Ben Affleck’s embarrassment over an upsetting find in his family tree and the mess that followed has put the fourth season of the PBS show Finding Your Roots in jeopardy.
Last fall, the episode of PBS’s genealogy show Finding Your Roots featuring Ben Affleck aired without much fanfare. But not long after that, it was revealed in the Sony email leaks that a “megastar” who had been featured on the show had requested that a rather unsavory ancestor not be mentioned in his episode. Henry Louis Gates Jr., the host and executive producer of the show, made mention of the request saying that granting this megastar’s wishes would mean a slippery slope of censorship and dishonesty on the part of the show, plus it “would be a violation of PBS rules, actually, even for Batman.”
So that was kind of a dead giveaway.
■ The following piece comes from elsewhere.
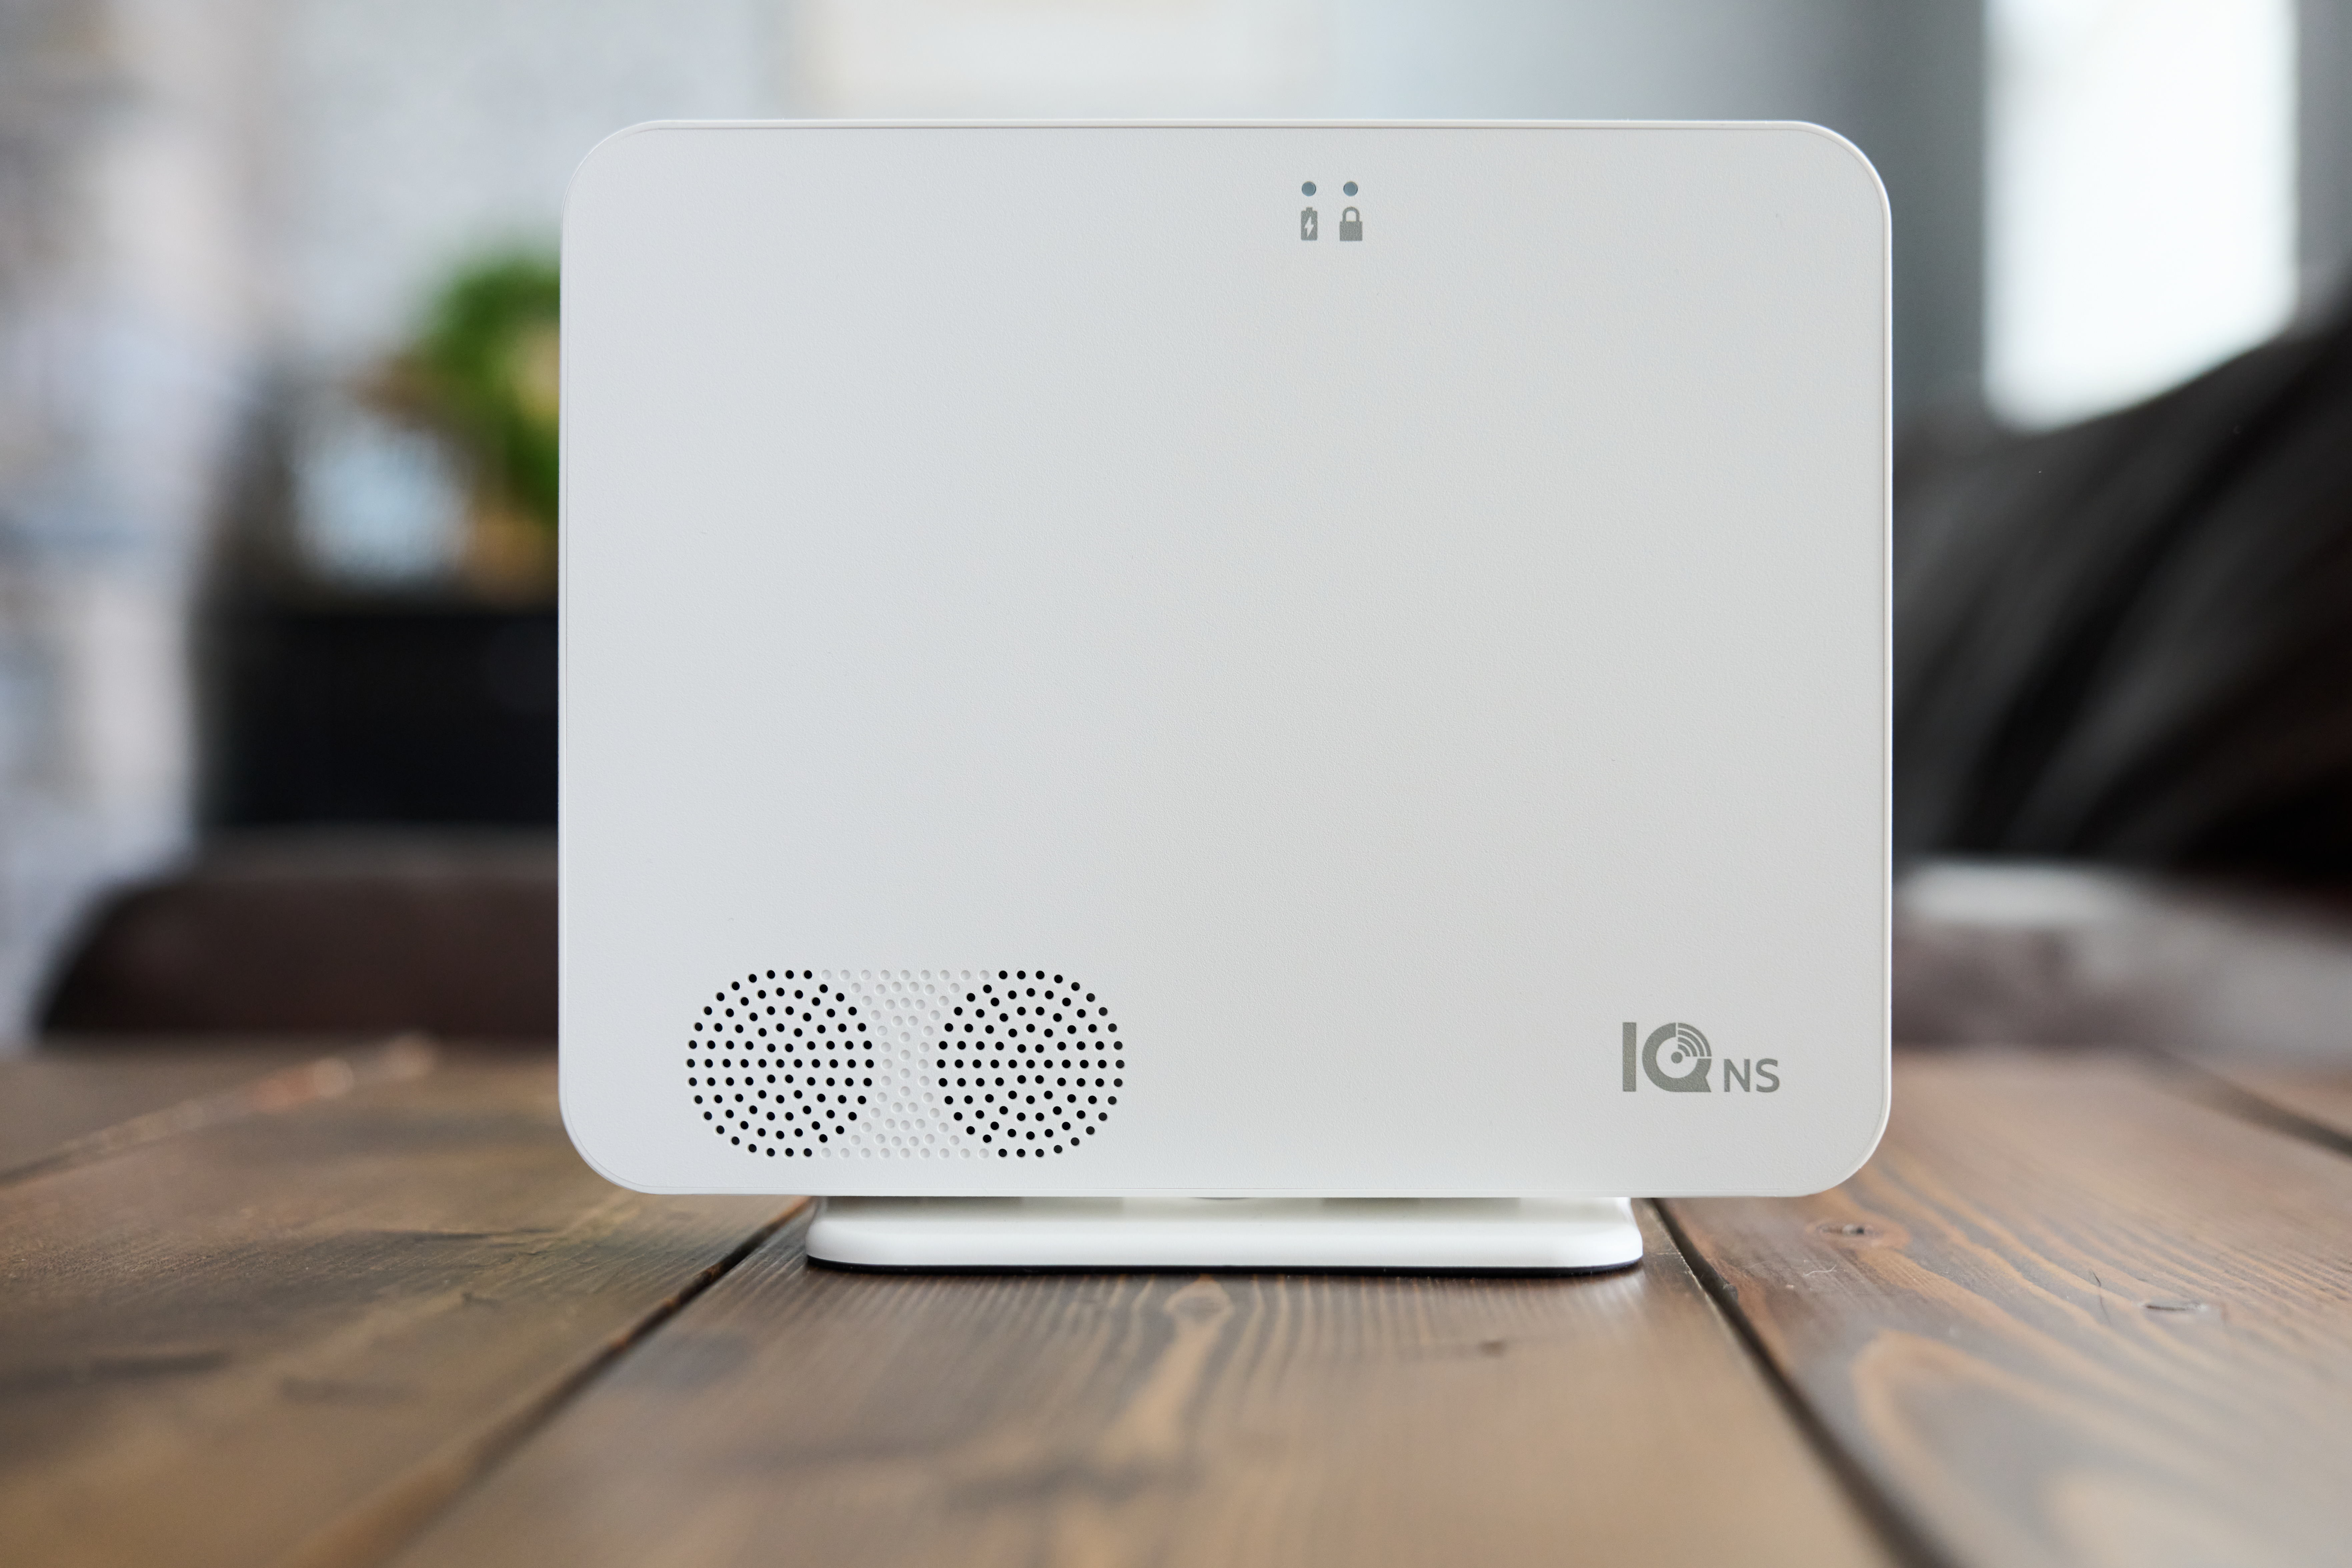 image of the IQ4 NS 2 home security system

And then Affleck went and named that ancestor anyway, who was a slave owner, which embarrassed Affleck. (Documentarian Ken Burns and CNN’s Anderson Cooper were also revealed to have been descended from slave owners, but apparently didn’t meet the definition of “megastar.”) Now, Gates had to answer for 1. censorship, 2. appeasing a celebrity, and 3. violating those PBS rules that he mentioned.
Now, PBS is pulling the Affleck episode from any future airings and home video and the upcoming third season is being postponed until some staffing changes are made; those changes may or may not involve Gates and the show’s co-producer Dyllan McGee. But then there’s the fourth season, which looks bleak:
PBS also has informed the series co-producers that it has deferred any commitment to a fourth season until it is satisfied that the editorial standards of the series have been successfully raised to a level in which PBS “can have confidence.”
That sounds… bad. So, if you’re trying to please a celebrity who wants to keep a secret, make sure you don’t reveal his secret identity in an email.